Буря - Илья Эренбург
Шрифт:
Интервал:
Закладка:
Галочка сразу ответила:
— Хорошо.
Она предложила девушкам отпраздновать День Красной Армии.
— Христина взбесится, — сказала Варя.
— Она не поймет, да мы и не будем ничего говорить, просто отметим дату…
Убрали барак. Спели несколько песен. Христина сидела, одобрительно кивала головой. Песни были печальные, они вязались с настроением Христины: она думала — убьют, и никто меня не пожалеет…
Галочка хотела рассказать девушкам из других бараков про наступление Красной Армии — Роже на этот раз не подвел. Она стала читать стишки:
Есть карта, на ней значатсяНовгород, Пушкин, Луга, Гатчина.Город Гдов на Чудском озере,Именинница в Кировограде и в Мозыре,В Сарнах, в Смеле, в Ровно, в Луцке,Скоро в Одессе дождутся,А сейчас именинницаВозле самой Винницы…

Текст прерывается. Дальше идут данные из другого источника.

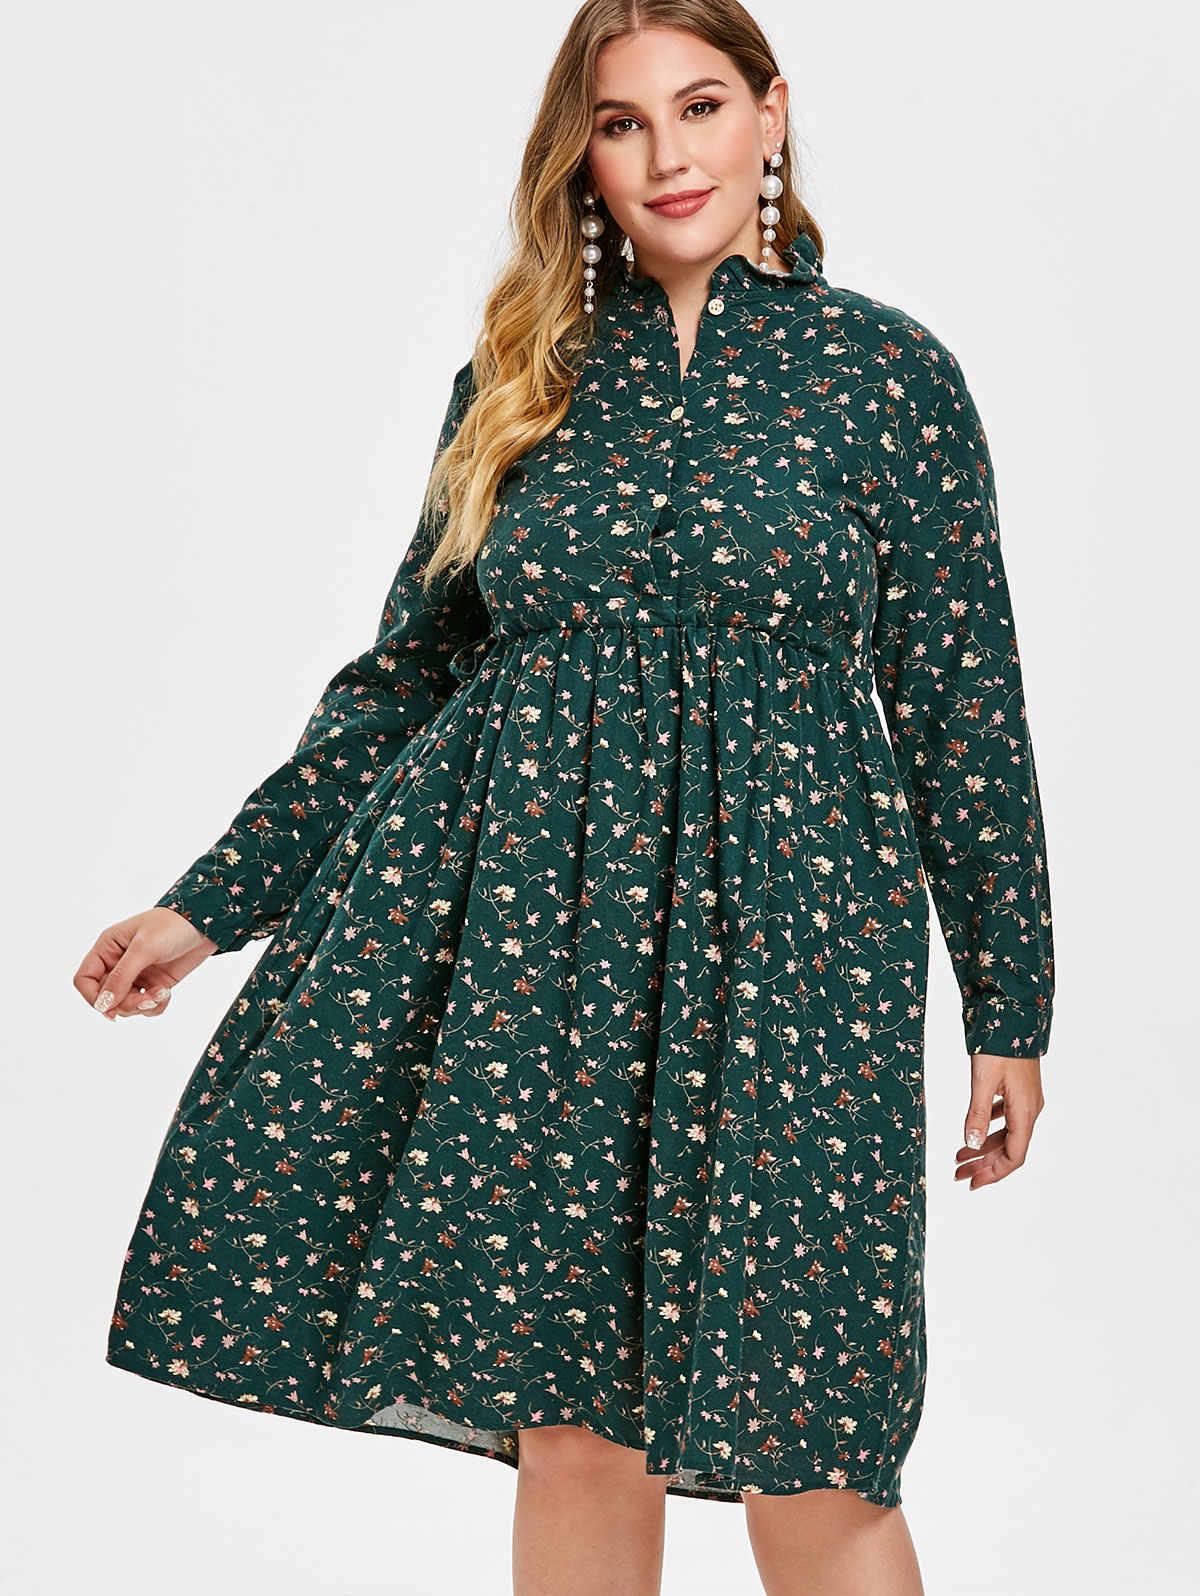 Wipalo женское весеннее платье больших размеров с полупуговицами и цветочным принтом, расклешенное платье, рубашка с длинными рукавами, платье с высокой талией, Повседневное платье Vestidos

Девушки смеялись. Одна, не выдержав, вскрикнула:
— Маму освободили!..
Христина ничего не понимала; глядя на веселые лица девушек, она сердилась. Чего им радоваться? Такое страшное время, брат Энхен, мужчина, солдат, и тот не выдержал — на вокзале заплакал… Опять эта Галочка их рассмешила. Нахальная тварь!..
— Что вы читали?
— Поздравляла именинницу.
— А кто у вас именинница?
Некоторые девушки прыснули. Галочка серьезно ответила:
— Я.
Христина сдержалась, и вечер закончился благополучно. Всю ночь Христина не спала. Эти мерзавки празднуют наше несчастье!.. И я должна с ними жить. Какой ужас!.. Все клокотало в ее сердце. Гроза разразилась два дня спустя. Неожиданно Христина обрушилась на маленькую Настю. Эта Настя была хромой, ходила с палкой; непонятно было, зачем ее привезли в Германию. Она всегда ковыляла позади. Христина крикнула ей: «Живее!» Настя тихо ответила: «Не могу». Тогда Христина выхватила из ее рук палку, начала избивать девушку. Галочка, не помня себя, подбежала к Христине и ударила ее по лицу.
Галочку отвезли в тюрьму. Она сидела в темной камере и мечтала: Пьер поправится, придет Красная Армия, они поедут вместе в Киев… Она не знала, что ее ждет: начальник лагеря кричал, что ее расстреляют, а надзирательница сказала с усмешкой: «Ты еще пожалеешь, что тебя здесь не прикончили…» В тюрьме она просидела недолго. Когда ее увозили, в сборной она увидела Роже, на руках у него были наручники. Он успел сказать:
— Меня арестовали — я обругал их офицера… Пьер умер двадцать шестого. Накануне я у него был. Он сказал, когда увижу тебя, передать — он о тебе думает, желает вернуться на родину, и потом он сказал, что русские взяли еще один большой город, я забыл какой…
Галочка не узнала, что, умирая, Пьер повторял ее имя; он так и не научился его выговаривать, шептал: «Гальошка… Гальошка…»
22
— Я определил бы наци, как двусловников, — говорил голландцу Костеру профессор Дюма. «Heil Hitler», «Juden schiessen», «England kaput», «Verriickten Franzosen», «Sieg-heil»… Вот вам новая раса, для ее создания не потребовалось и десяти лет. Держит в руке резиновую дубинку, ест, испражняется, считает себя полубогом и все свои полубожественные мысли выражает в двух словах.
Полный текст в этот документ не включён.